再来看 Version::Get,其调用的 Version::ForEachOverlapping 会根据 smallest_key 和 largest_key 筛选出要查找的文件,再通过回调函数调用 table_cache_->Get 进行查找,如果找到合法的结果则调用回调函数 SaveValue,如果回调得到的结果是 kFound,就可以提前返回了。Level 0 的文件由于可能存在重叠,所以每个文件都需要进行判断;而 Level 1 及以上的文件可以使用 FindFile 二分查找了。
首先来看 VersionSet::Builder 的实现:
// A helper class so we can efficiently apply a whole sequence
// of edits to a particular state without creating intermediate
// Versions that contain full copies of the intermediate state.
class VersionSet::Builder {
private:
// Helper to sort by v->files_[file_number].smallest
struct BySmallestKey {
const InternalKeyComparator* internal_comparator;
bool operator()(FileMetaData* f1, FileMetaData* f2) const {
int r = internal_comparator->Compare(f1->smallest, f2->smallest);
if (r != 0) {
return (r < 0);
} else {
// Break ties by file number
return (f1->number < f2->number);
}
}
};
typedef std::set<FileMetaData*, BySmallestKey> FileSet;
struct LevelState {
std::set<uint64_t> deleted_files;
FileSet* added_files;
};
VersionSet* vset_;
Version* base_;
LevelState levels_[config::kNumLevels];
public:
// Initialize a builder with the files from *base and other info from *vset
Builder(VersionSet* vset, Version* base) : vset_(vset), base_(base) {
base_->Ref();
BySmallestKey cmp;
cmp.internal_comparator = &vset_->icmp_;
for (int level = 0; level < config::kNumLevels; level++) {
levels_[level].added_files = new FileSet(cmp);
}
}
~Builder() {
for (int level = 0; level < config::kNumLevels; level++) {
const FileSet* added = levels_[level].added_files;
std::vector<FileMetaData*> to_unref;
to_unref.reserve(added->size());
for (FileSet::const_iterator it = added->begin(); it != added->end();
++it) {
to_unref.push_back(*it);
}
delete added;
for (uint32_t i = 0; i < to_unref.size(); i++) {
FileMetaData* f = to_unref[i];
f->refs--;
if (f->refs <= 0) {
delete f;
}
}
}
base_->Unref();
}
// Apply all of the edits in *edit to the current state.

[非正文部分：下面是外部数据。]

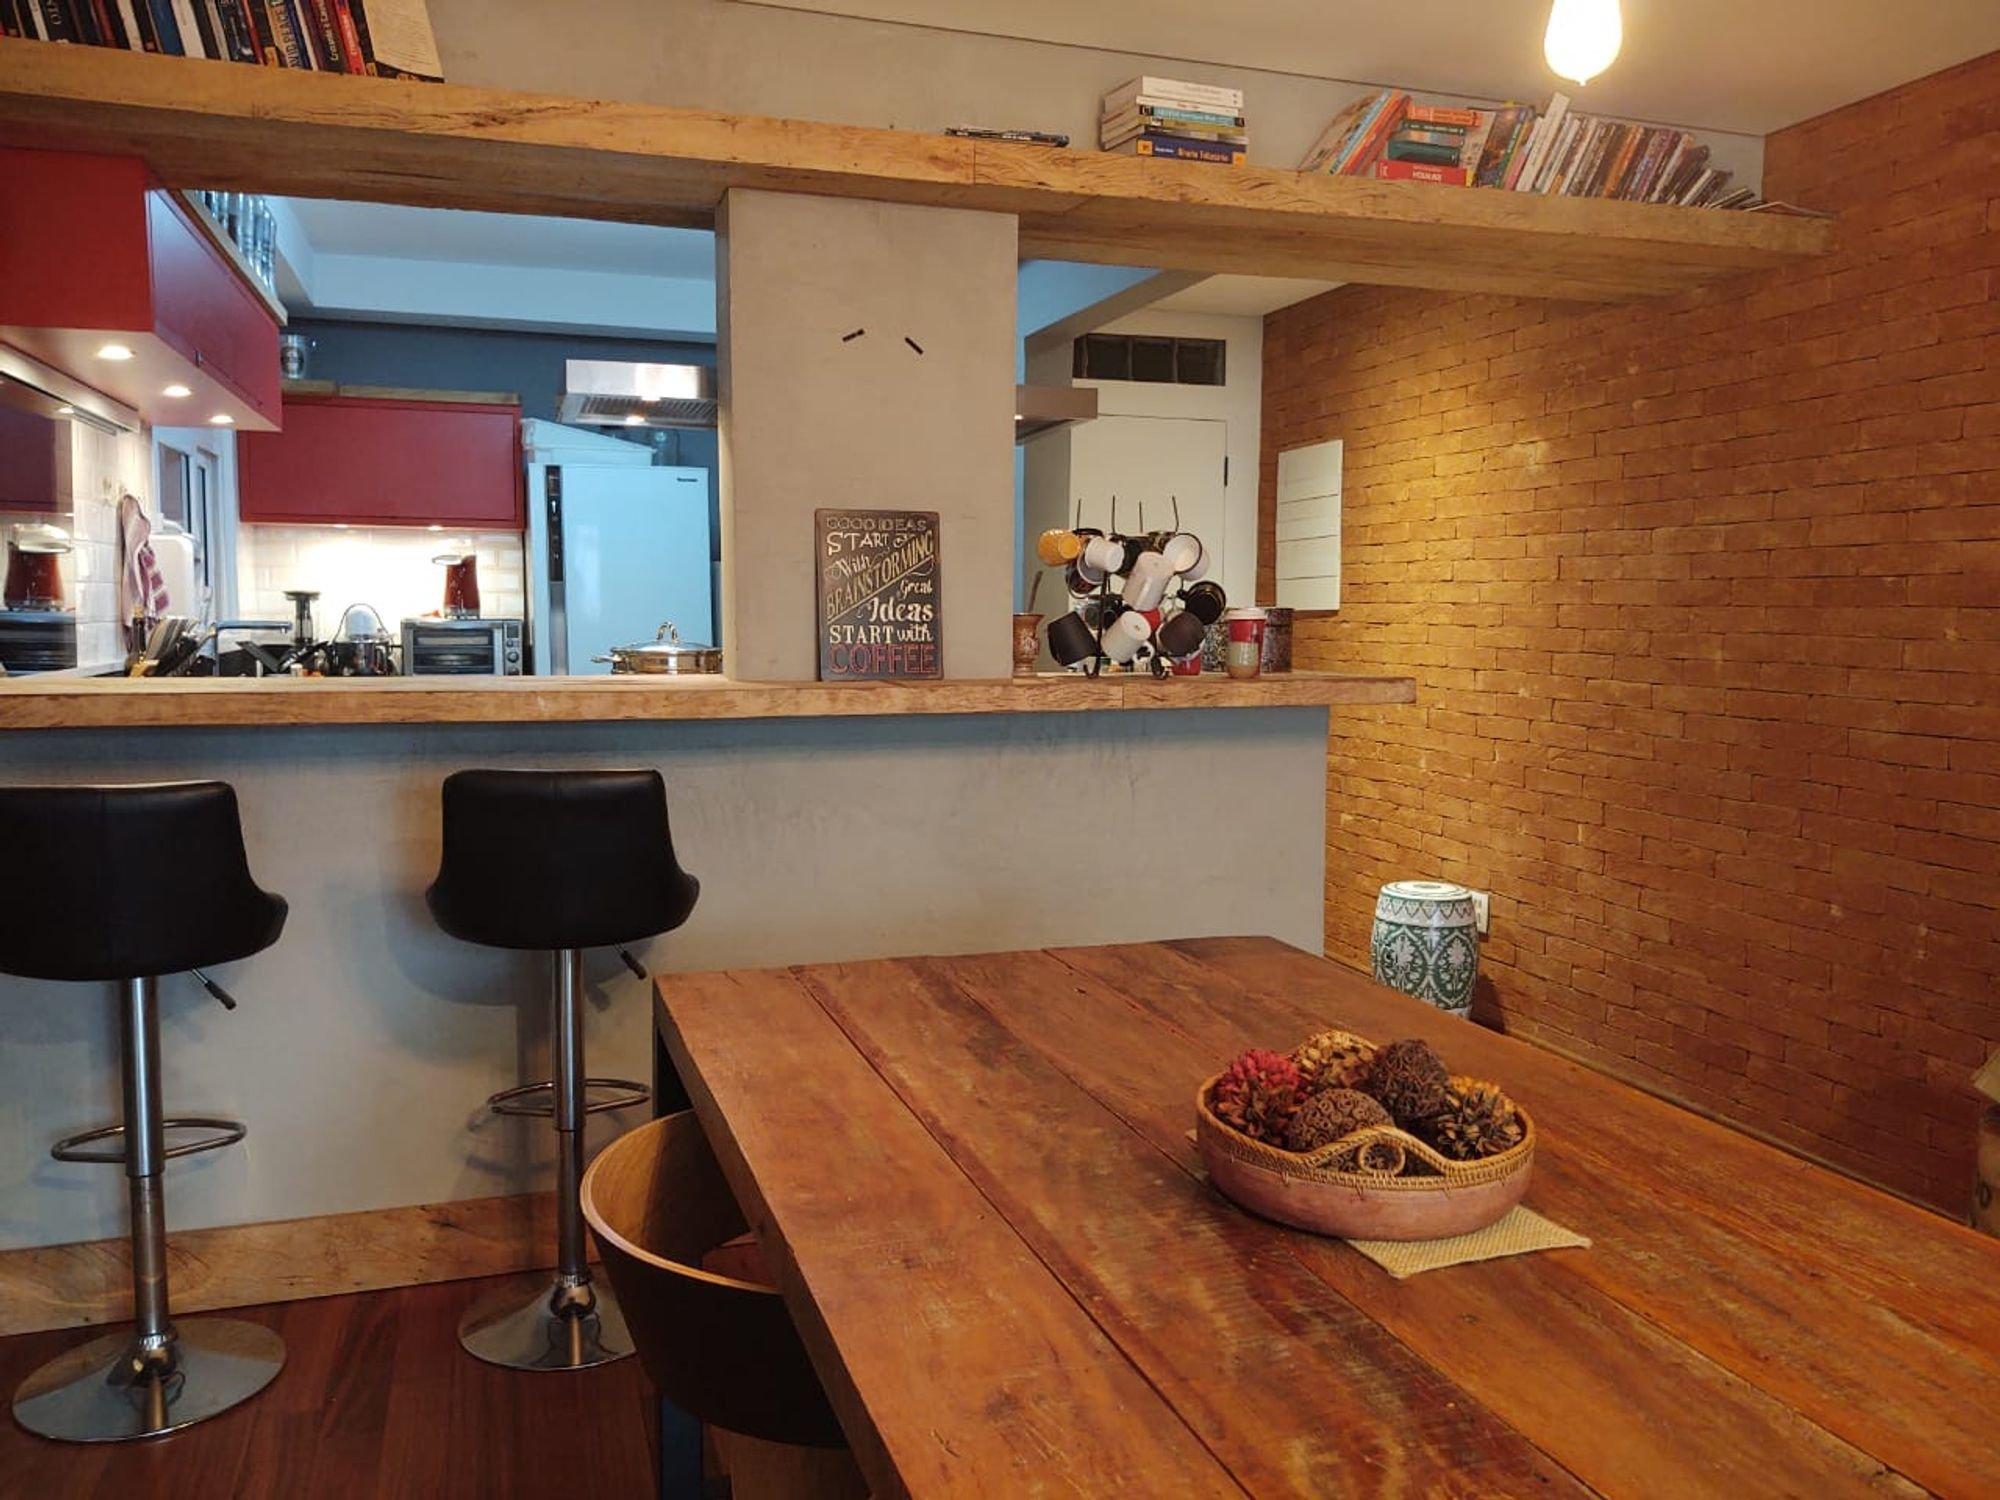 Nesta foto há vaso de planta, cadeira, mesa de jantar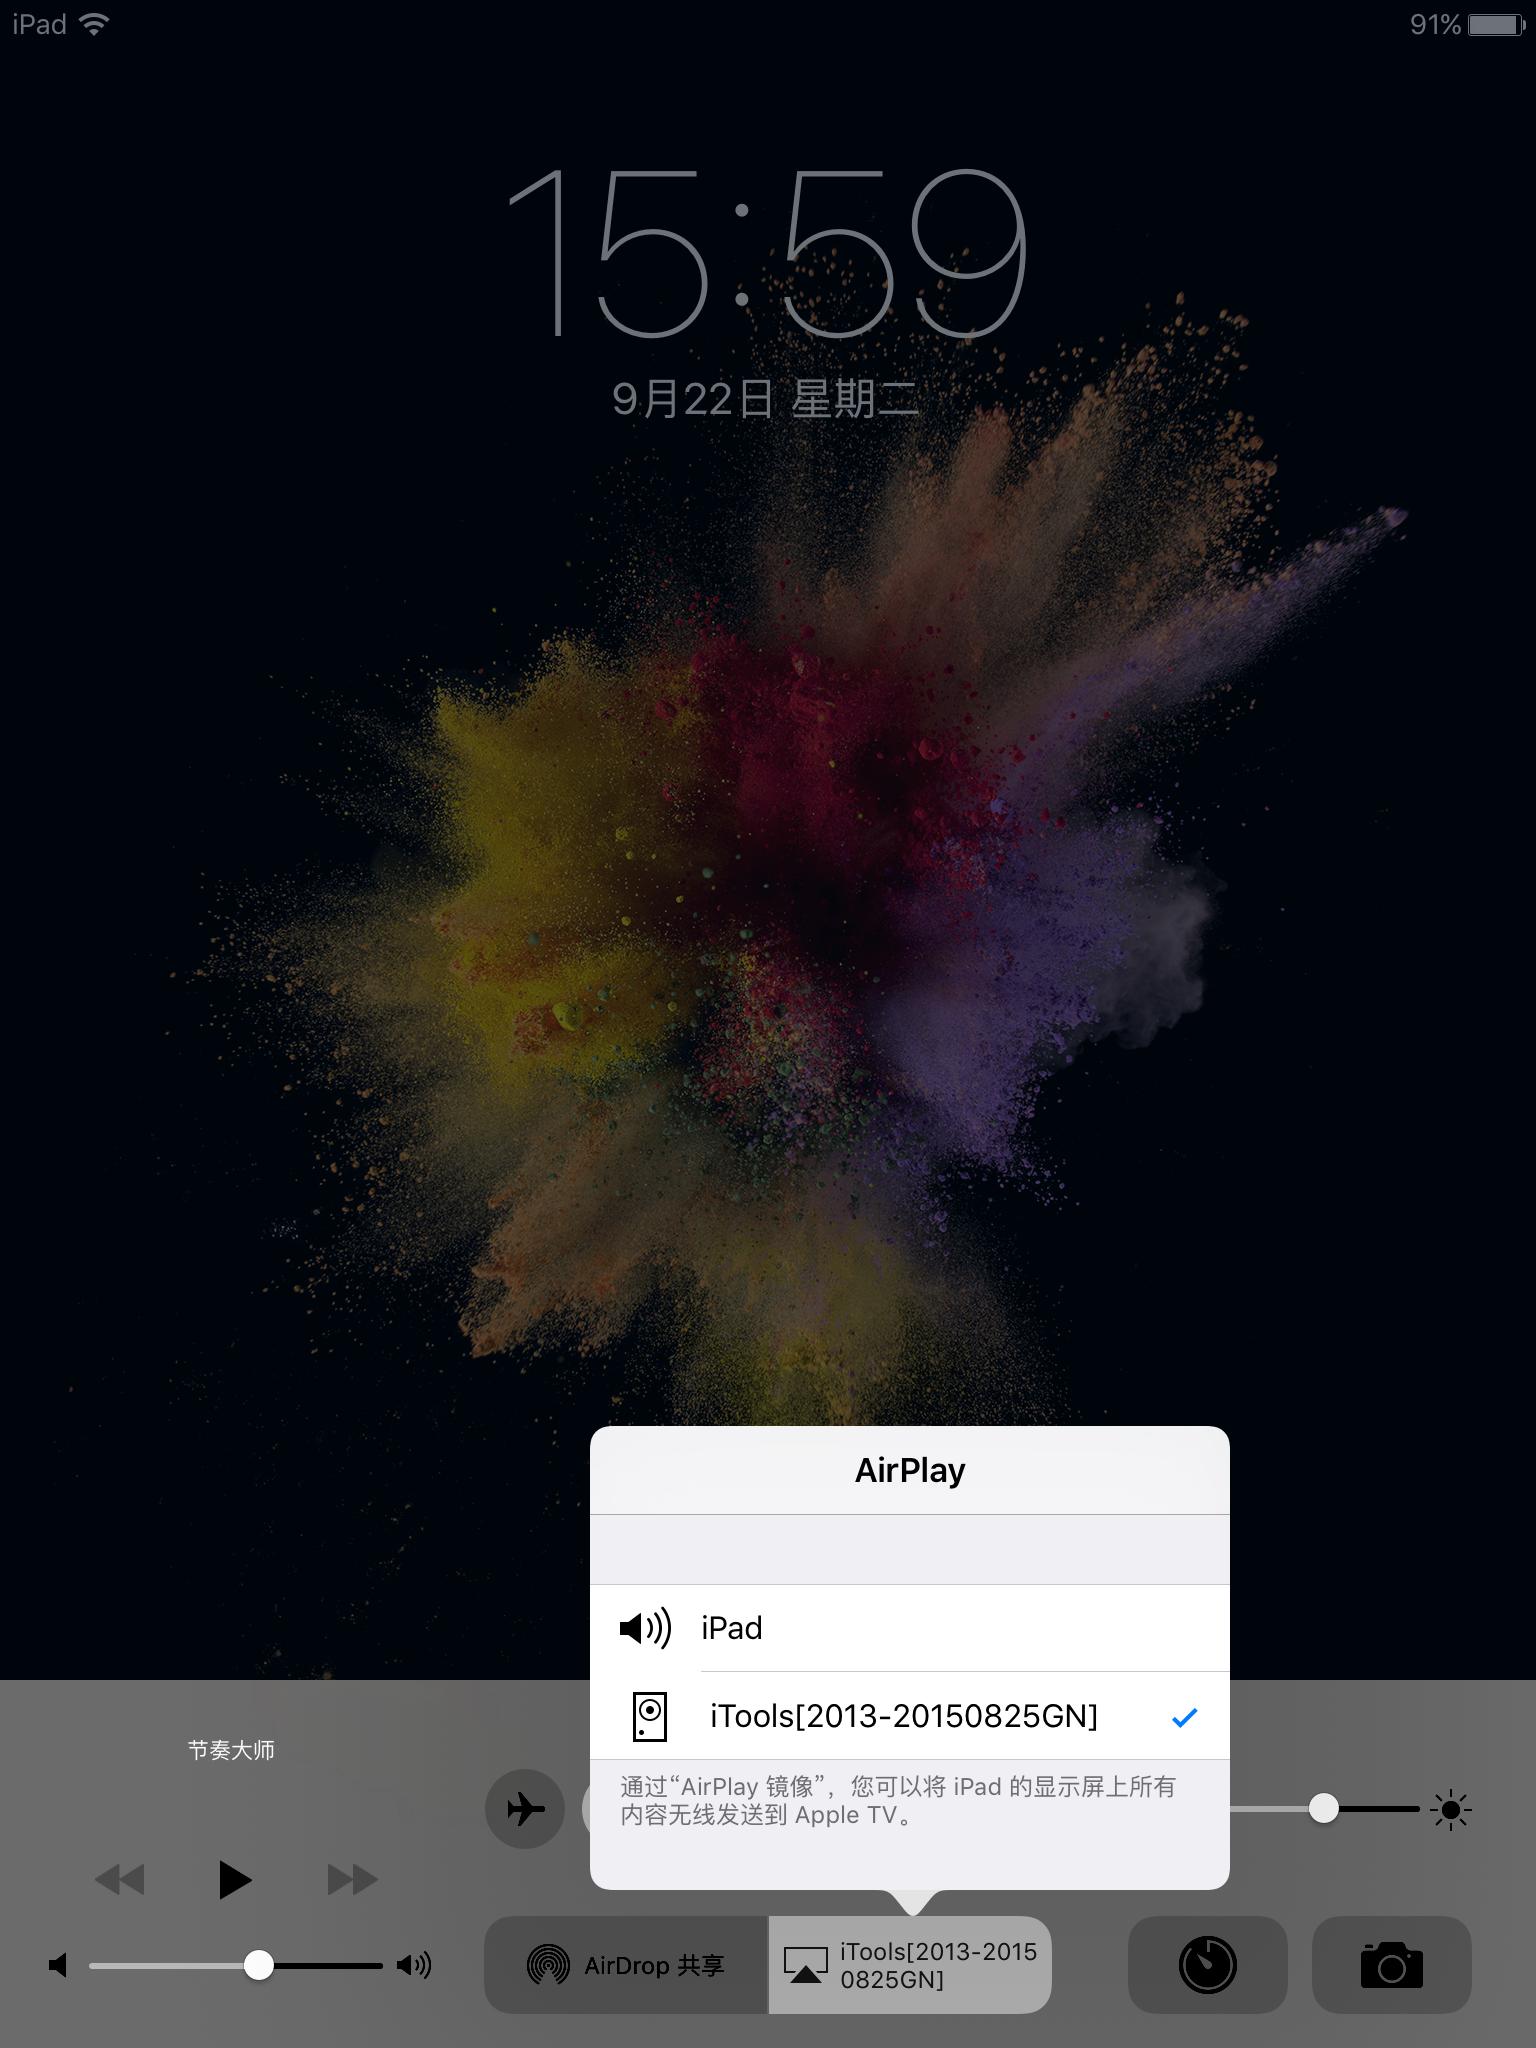 我的ipad用itools的屏幕录像时,airplay中的镜像按钮找不到_百度知道

void Apply(VersionEdit* edit) {
// Update compaction pointers
for (size_t i = 0; i < edit->compact_pointers_.size(); i++) {
const int level = edit->compact_pointers_[i].first;
vset_->compact_pointer_[level] =
edit->compact_pointers_[i].second.Encode().ToString();
}
// Delete files
for (const auto& deleted_file_set_kvp : edit->deleted_files_) {
const int level = deleted_file_set_kvp.first;
const uint64_t number = deleted_file_set_kvp.second;
levels_[level].deleted_files.insert(number);
}
// Add new files
for (size_t i = 0; i < edit->new_files_.size(); i++) {
const int level = edit->new_files_[i].first;
FileMetaData* f = new FileMetaData(edit->new_files_[i].second);
f->refs = 1;
// We arrange to automatically compact this file after
// a certain number of seeks. Let's assume:
// (1) One seek costs 10ms
// (2) Writing or reading 1MB costs 10ms (100MB/s)
// (3) A compaction of 1MB does 25MB of IO:
// 1MB read from this level
// 10-12MB read from next level (boundaries may be misaligned)
// 10-12MB written to next level
// This implies that 25 seeks cost the same as the compaction
// of 1MB of data. I.e., one seek costs approximately the
// same as the compaction of 40KB of data. We are a little
// conservative and allow approximately one seek for every 16KB
// of data before triggering a compaction.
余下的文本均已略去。